As part of our asset management activities, we will ensure that Pyramid Hotel Group and our third-party managers effectively utilize franchise brands’ marketing programs, develop effective sales management policies and plans, operate properties efficiently, control costs and develop operational initiatives for our hotels that increase guest satisfaction. We will work closely with our hotel managers to streamline hotel operating performance and improve the value of our properties. Reinvesting in our hotels will allow us to maintain quality, increase long-term profitability and generate attractive returns. In addition, we will use our senior management team’s extensive experience to monitor market conditions and evaluate select property sales, when appropriate, which will allow us to redeploy capital to acquire new assets in accordance with our strategy.
 
FINANCING STRATEGY
 
We expect to use a prudent amount of leverage that will provide us flexibility in our capital funding alternatives and will allow us the capacity to grow our property portfolio. We believe that as a well-capitalized public company we will have the ability to access sources of financing currently unavailable to many of our private market peers and overleveraged public competitors including corporate-level debt, property-level mortgage debt, preferred equity and the use of an anticipated credit facility.
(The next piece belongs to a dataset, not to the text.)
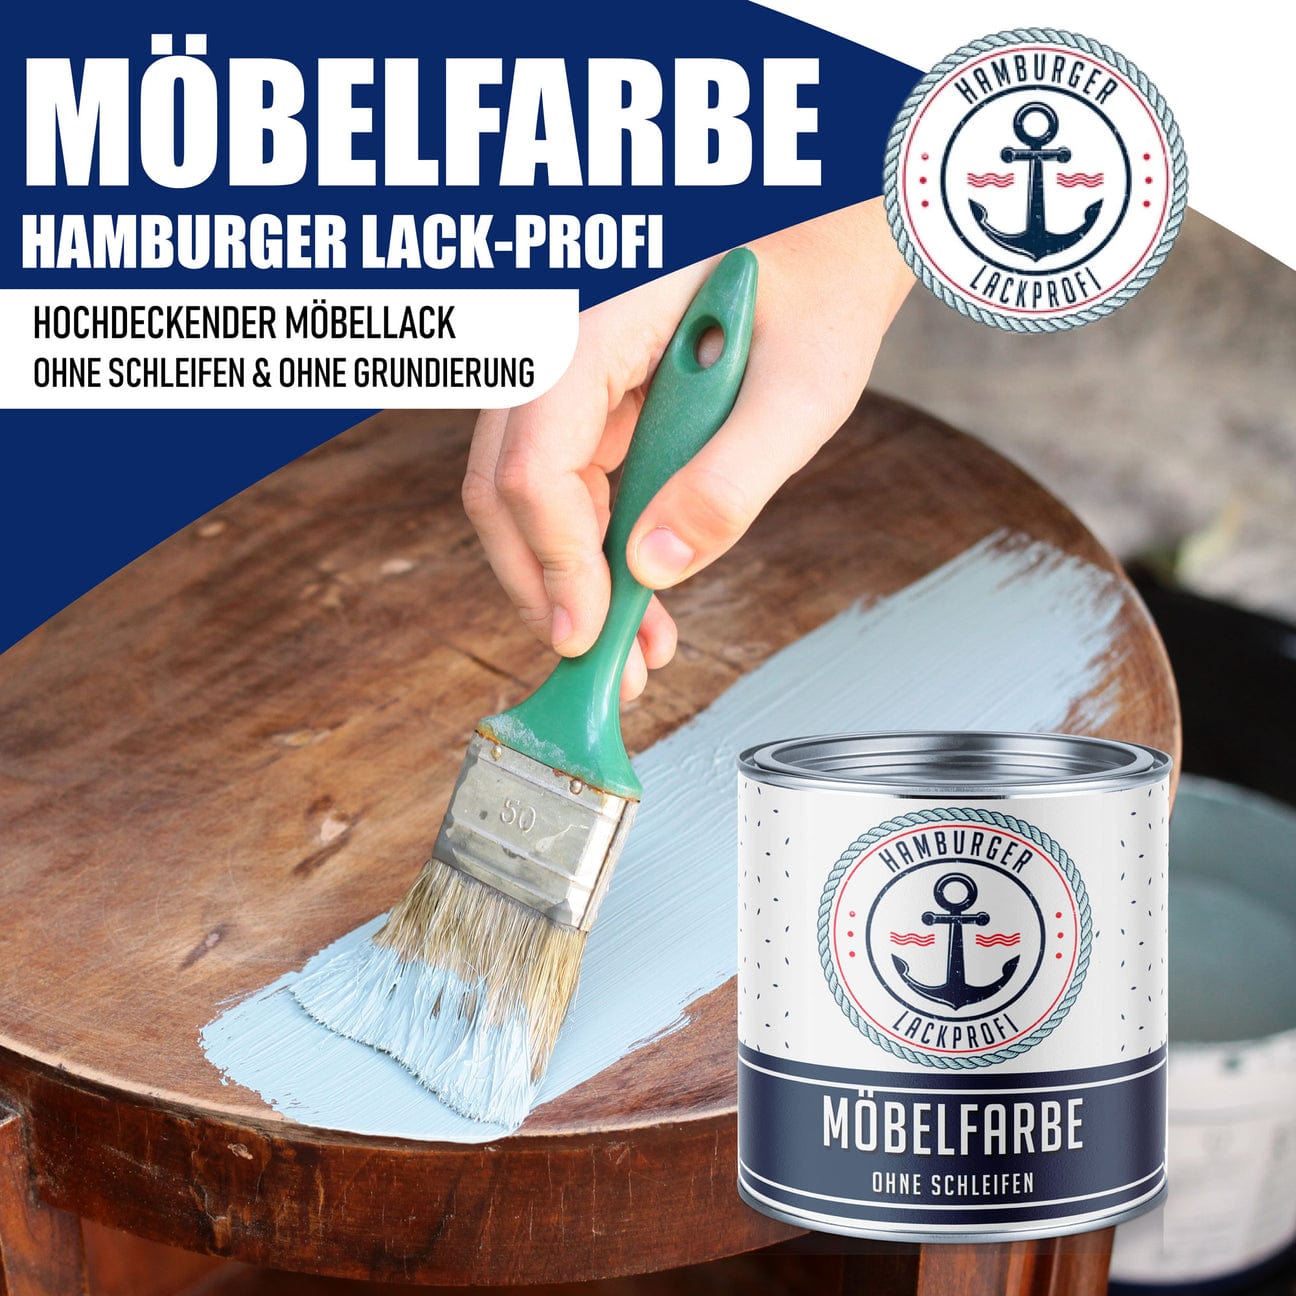 Hamburger Lack-Profi Möbelfarbe ohne Schleifen RAL 5019 Capriblau - Möbellack Hamburger Lack-Profi
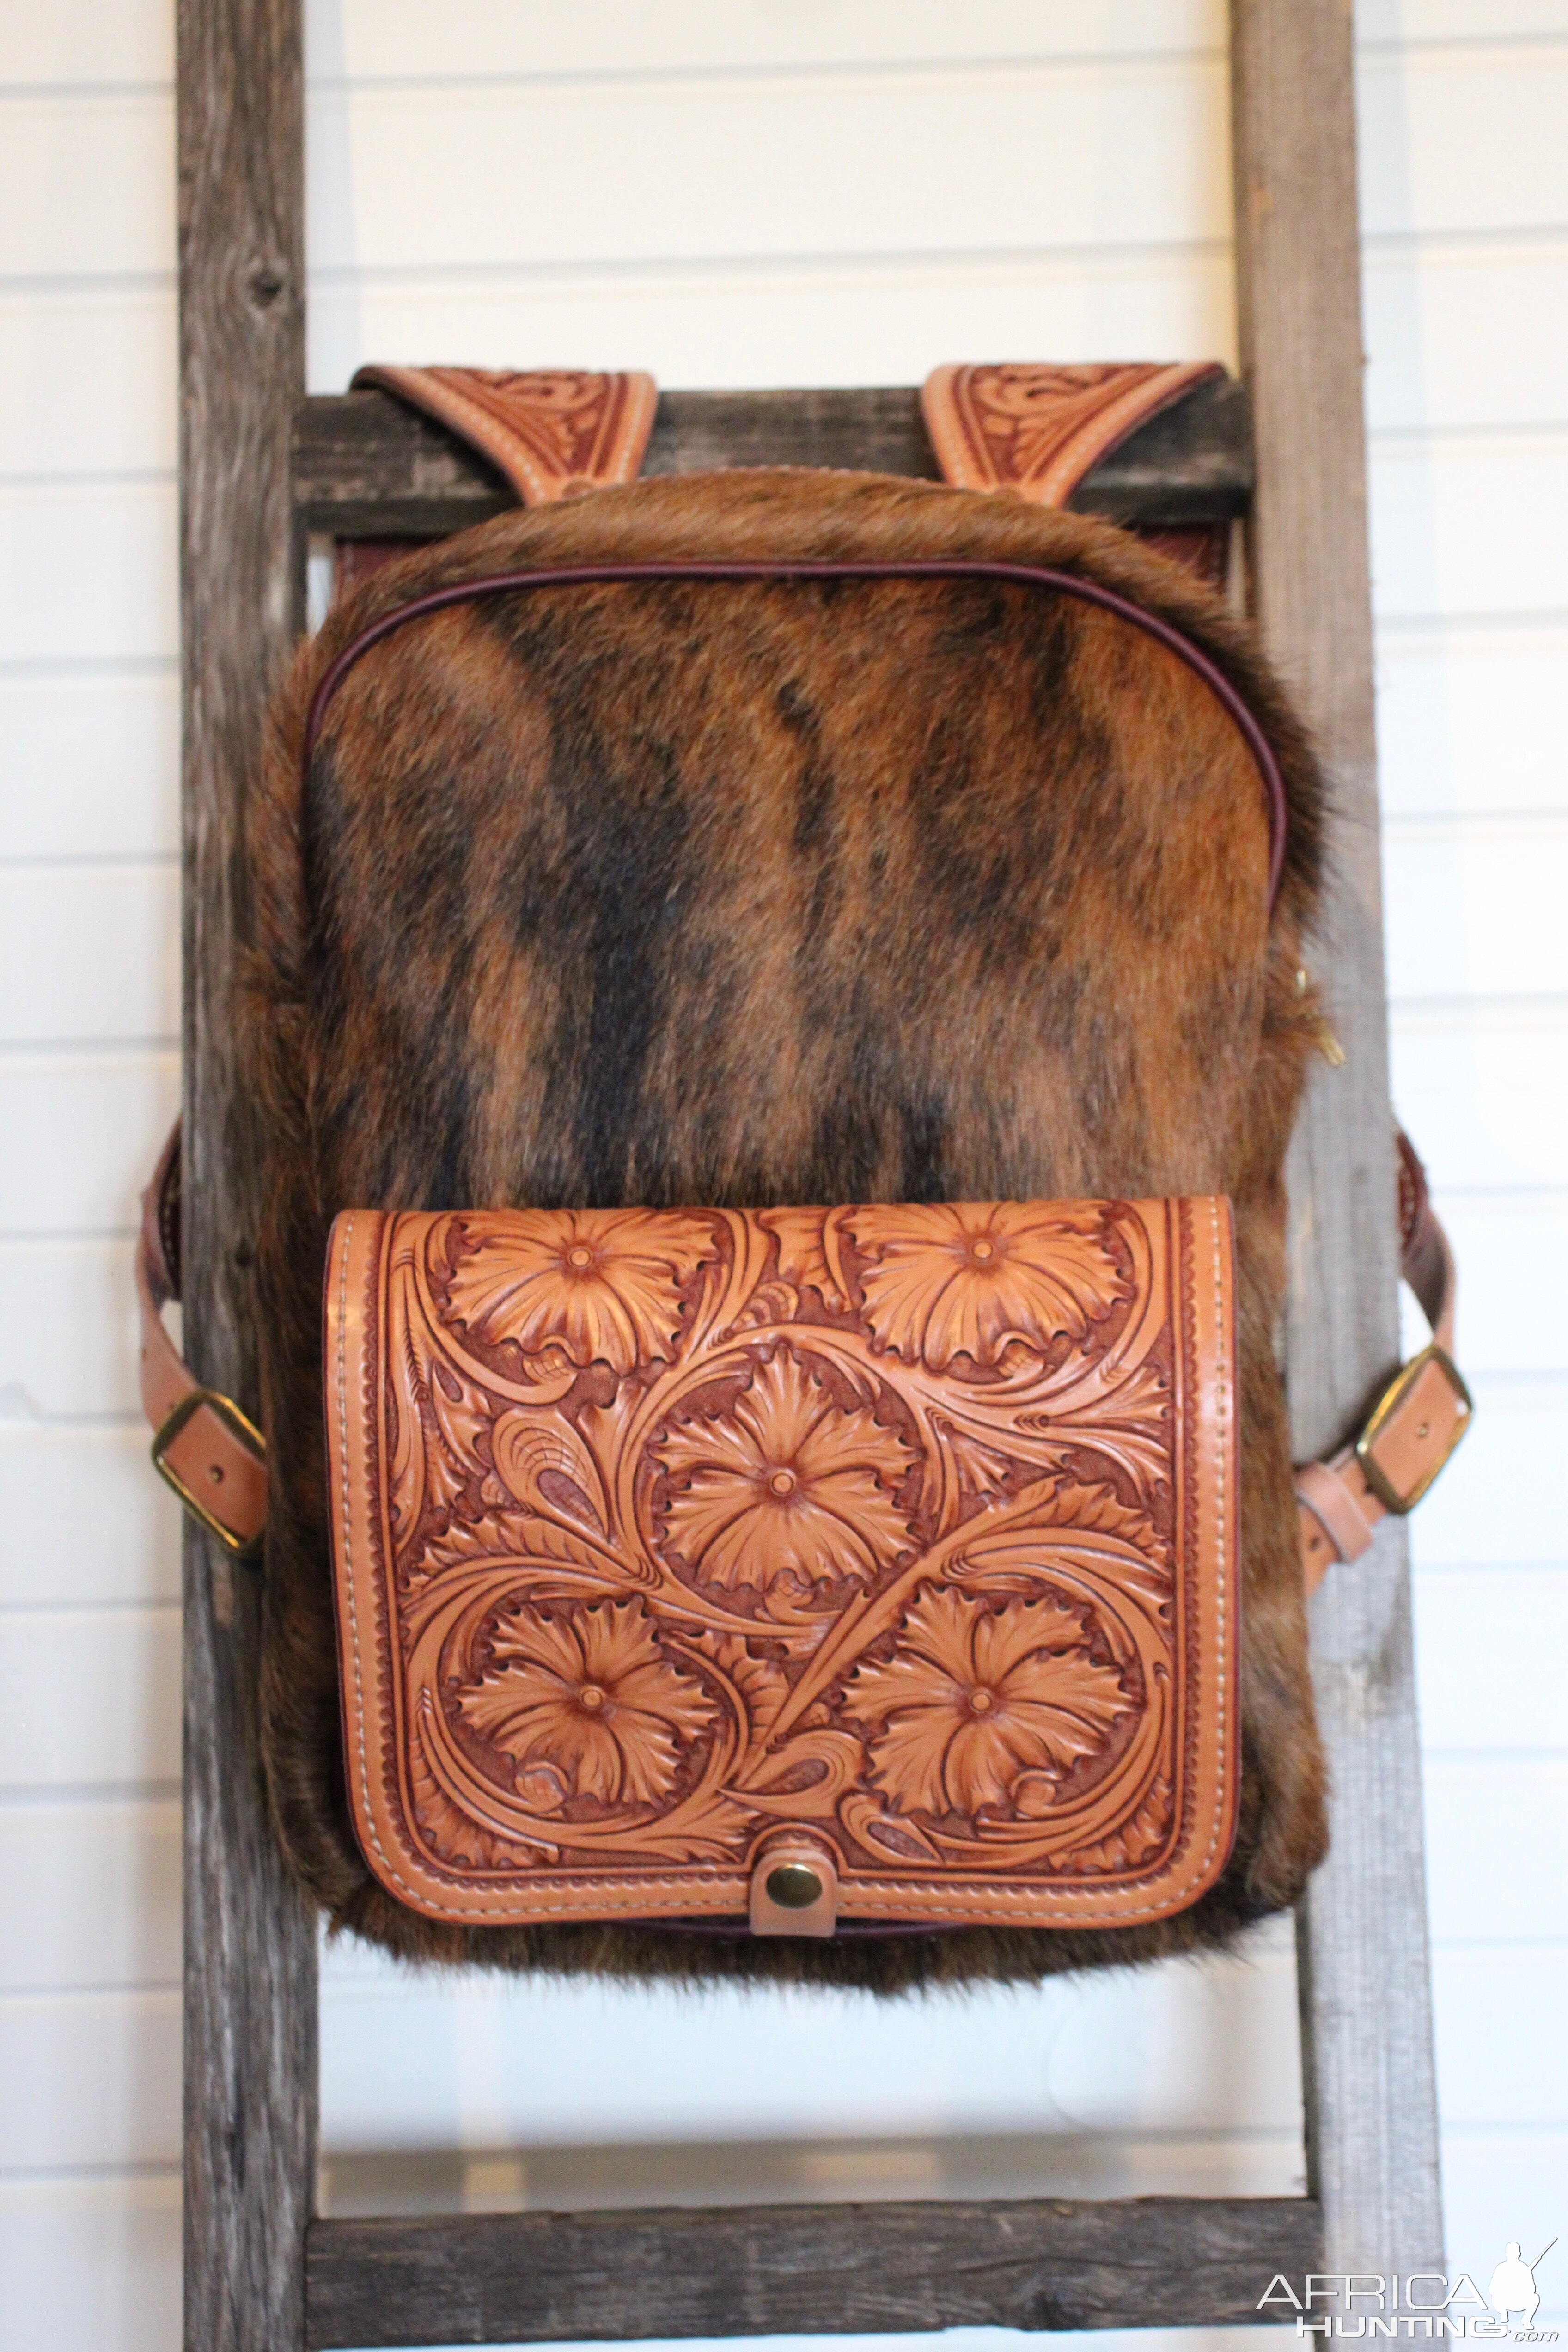 Leather & Skin Backpack

We intend to limit the outstanding principal amount of our consolidated indebtedness to approximately 35% of the investment in our properties, at cost, measured at the time we incur the debt; however, on the individual property level we may exceed this amount in select cases where attractive financing is available. Our board of directors will review these limits on a regular basis and will have the ability to amend or modify them without stockholder approval.
 
We are in discussions to obtain commitments from a lending syndicate for a revolving credit facility that we anticipate will be in place at or following the completion of this offering. The proposed credit facility will be used to fund hotel acquisitions, capital expenditures and for general corporate purposes. We cannot provide any assurance that we will be able to enter into a definitive agreement relating to this credit facility on terms we find acceptable. Over time, we intend to finance our growth with issuances of common equity, preferred securities and secured and unsecured debt.
 
We will consider several factors when evaluating our level of indebtedness and making financial decisions, including, but not limited to, the following:
 
  •  our long-term objectives with regard to the financing;
 
  •  interest rate of the proposed financing;
 
  •  the extent to which the financing impacts our ability to rebrand, reposition or renovate our properties;
 
  •  prepayment penalties and restrictions on refinancing;
 
  •  our target investment returns;
 
  •  the ability of the particular properties, including our company as a whole, to generate sufficient cash flow to cover expected debt payments;
 
  •  our overall level of indebtedness;
 
  •  our distribution policy;
 
  •  timing of our debt maturities;
 
  •  provisions that require recourse and cross-collateralization;
 
  •  corporate credit ratios; and
 
  •  overall ratio of fixed to variable rate debt.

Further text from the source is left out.